▸ EXERCISE DETAILS:
Reproduce only the lines of the material below that start at the line containing "High Quality Stainless" and stop at the line containing "Staff Sgt. Alice". Keep both end lines.

▸ THE INPUT:
______
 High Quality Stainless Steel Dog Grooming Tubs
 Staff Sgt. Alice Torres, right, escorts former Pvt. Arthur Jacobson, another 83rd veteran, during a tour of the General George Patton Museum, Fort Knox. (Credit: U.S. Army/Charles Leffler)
______
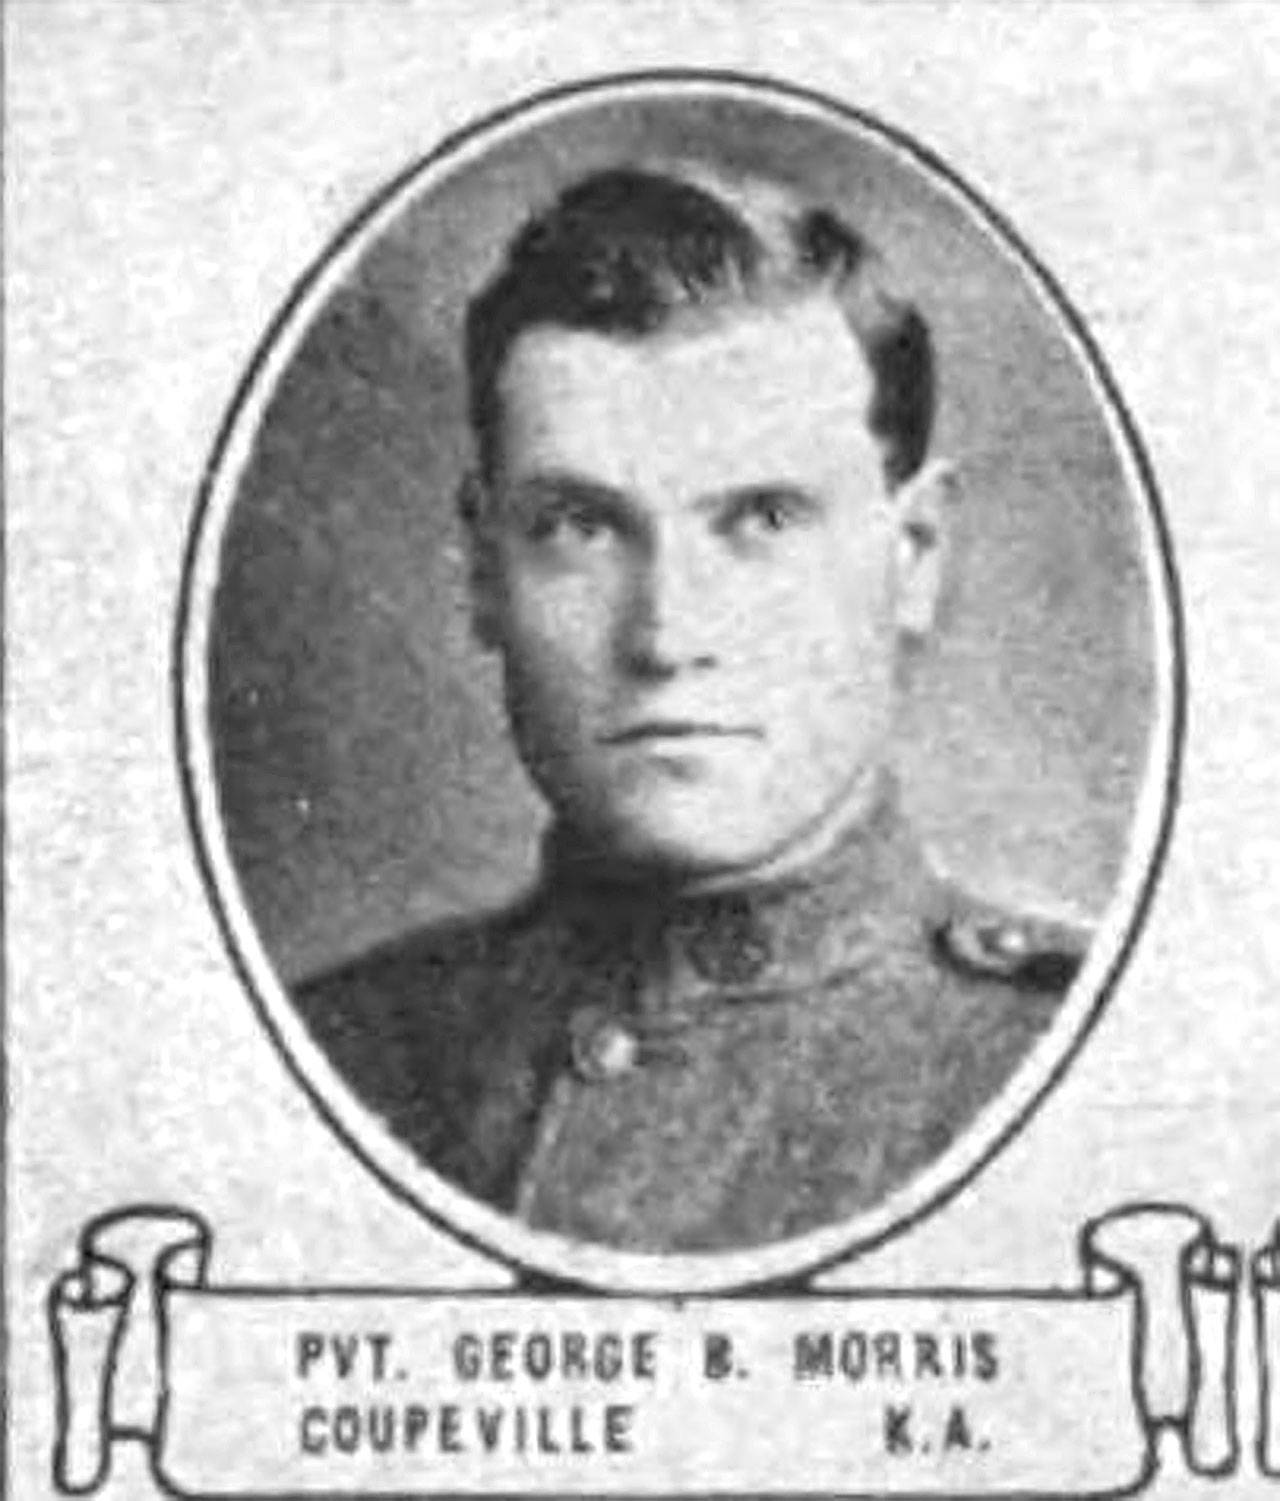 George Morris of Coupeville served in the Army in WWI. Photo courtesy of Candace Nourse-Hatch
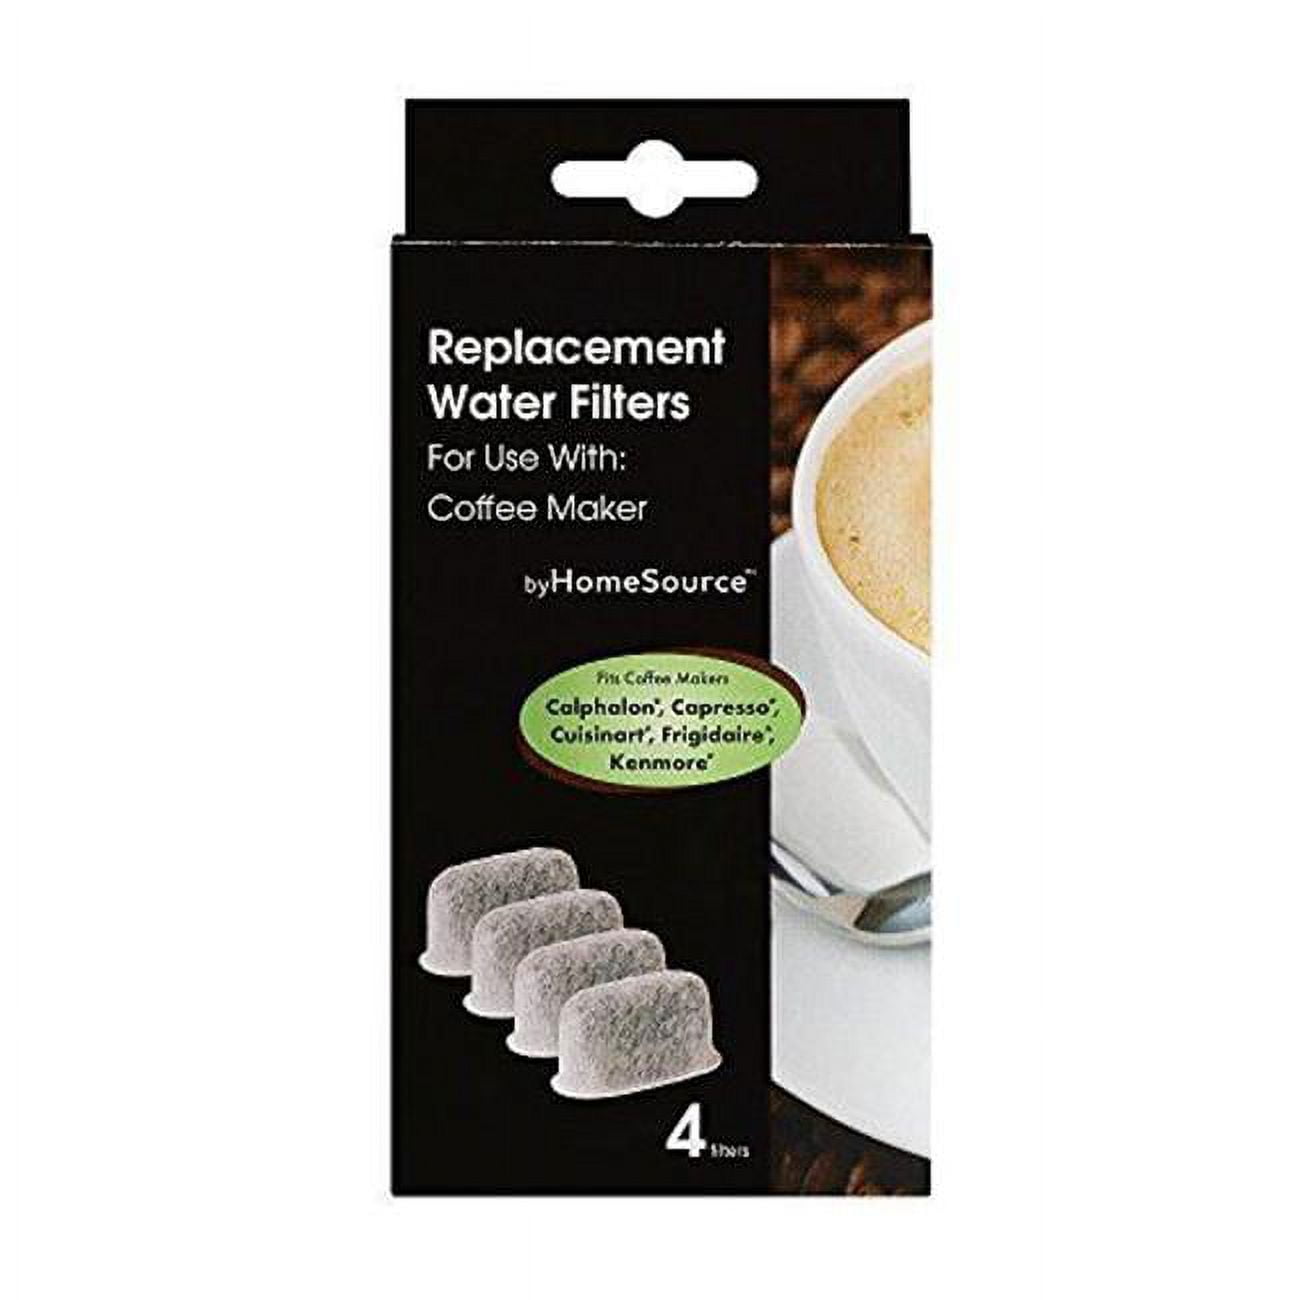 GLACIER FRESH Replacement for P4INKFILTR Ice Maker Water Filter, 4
______
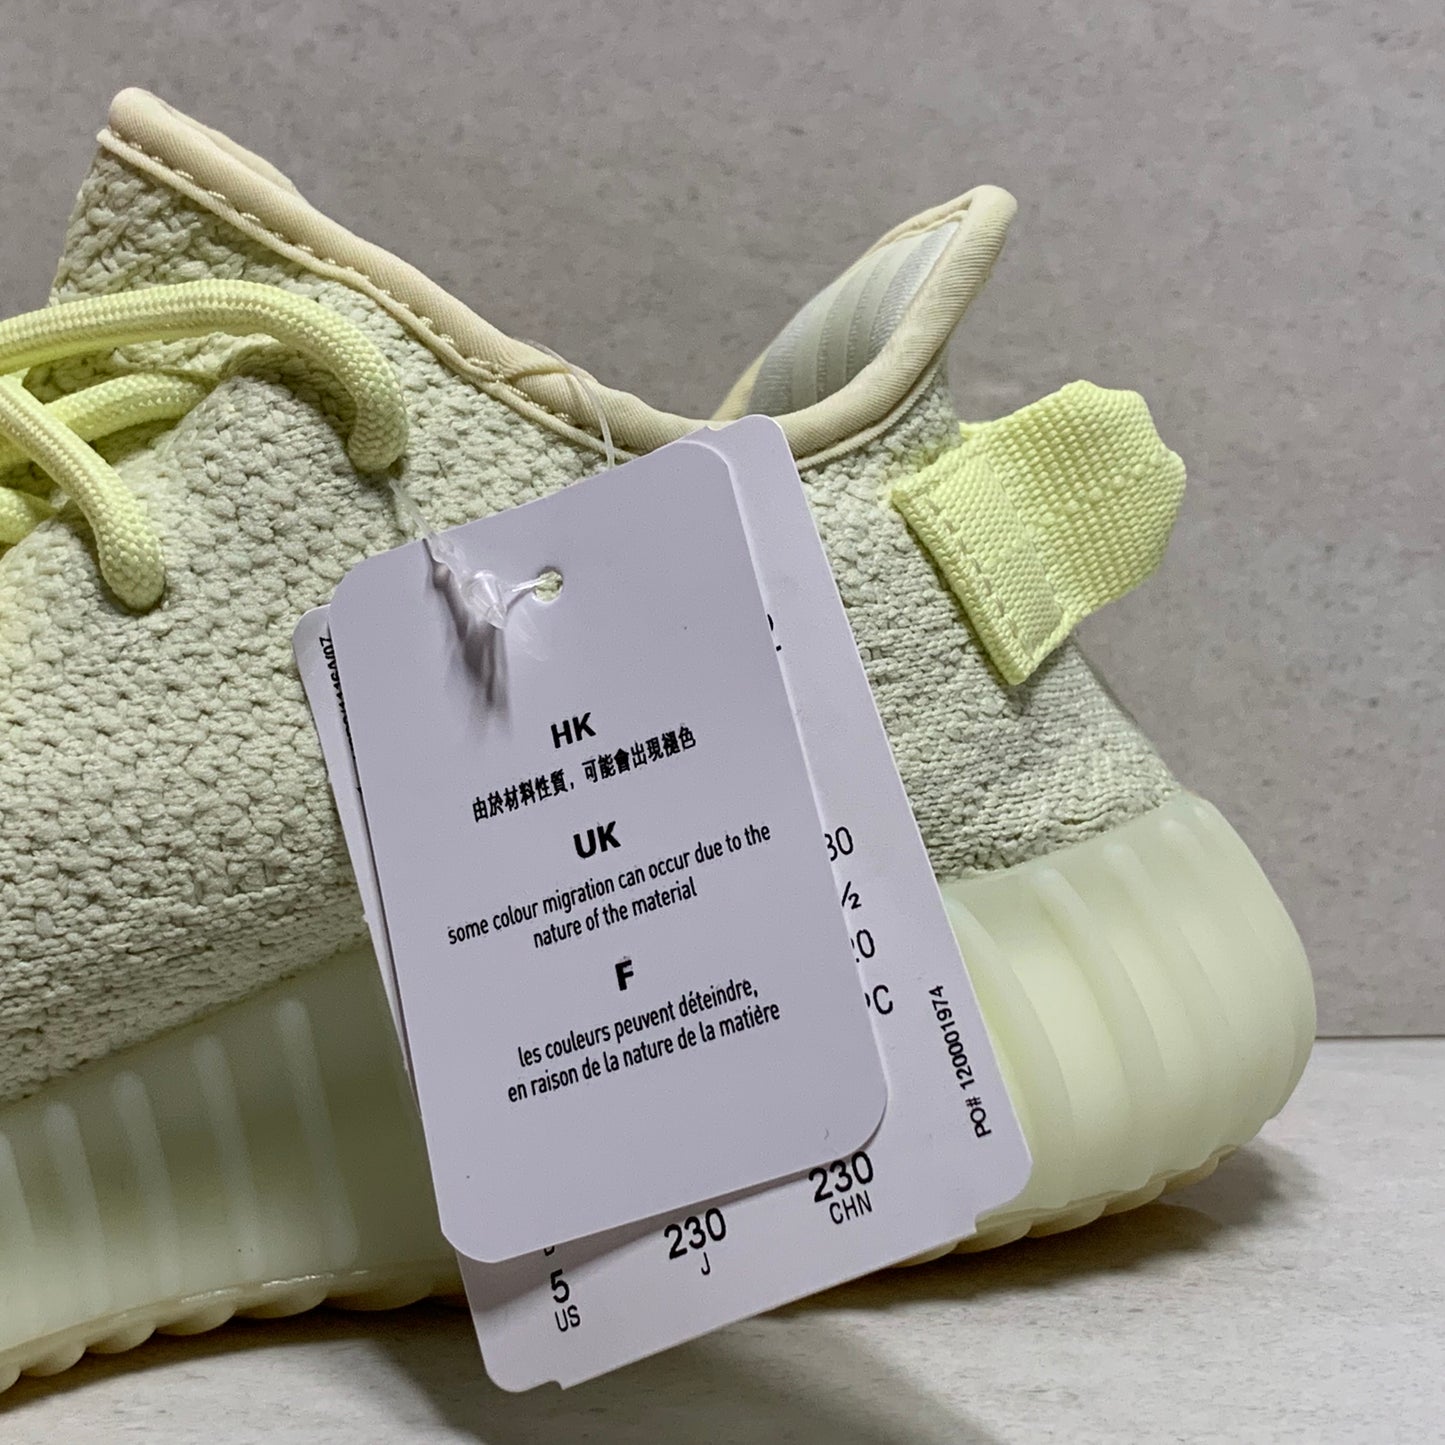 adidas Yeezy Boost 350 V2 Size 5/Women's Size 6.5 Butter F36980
______
▸ SOLUTION BELOW:
 High Quality Stainless Steel Dog Grooming Tubs
 Staff Sgt. Alice Torres, right, escorts former Pvt. Arthur Jacobson, another 83rd veteran, during a tour of the General George Patton Museum, Fort Knox. (Credit: U.S. Army/Charles Leffler)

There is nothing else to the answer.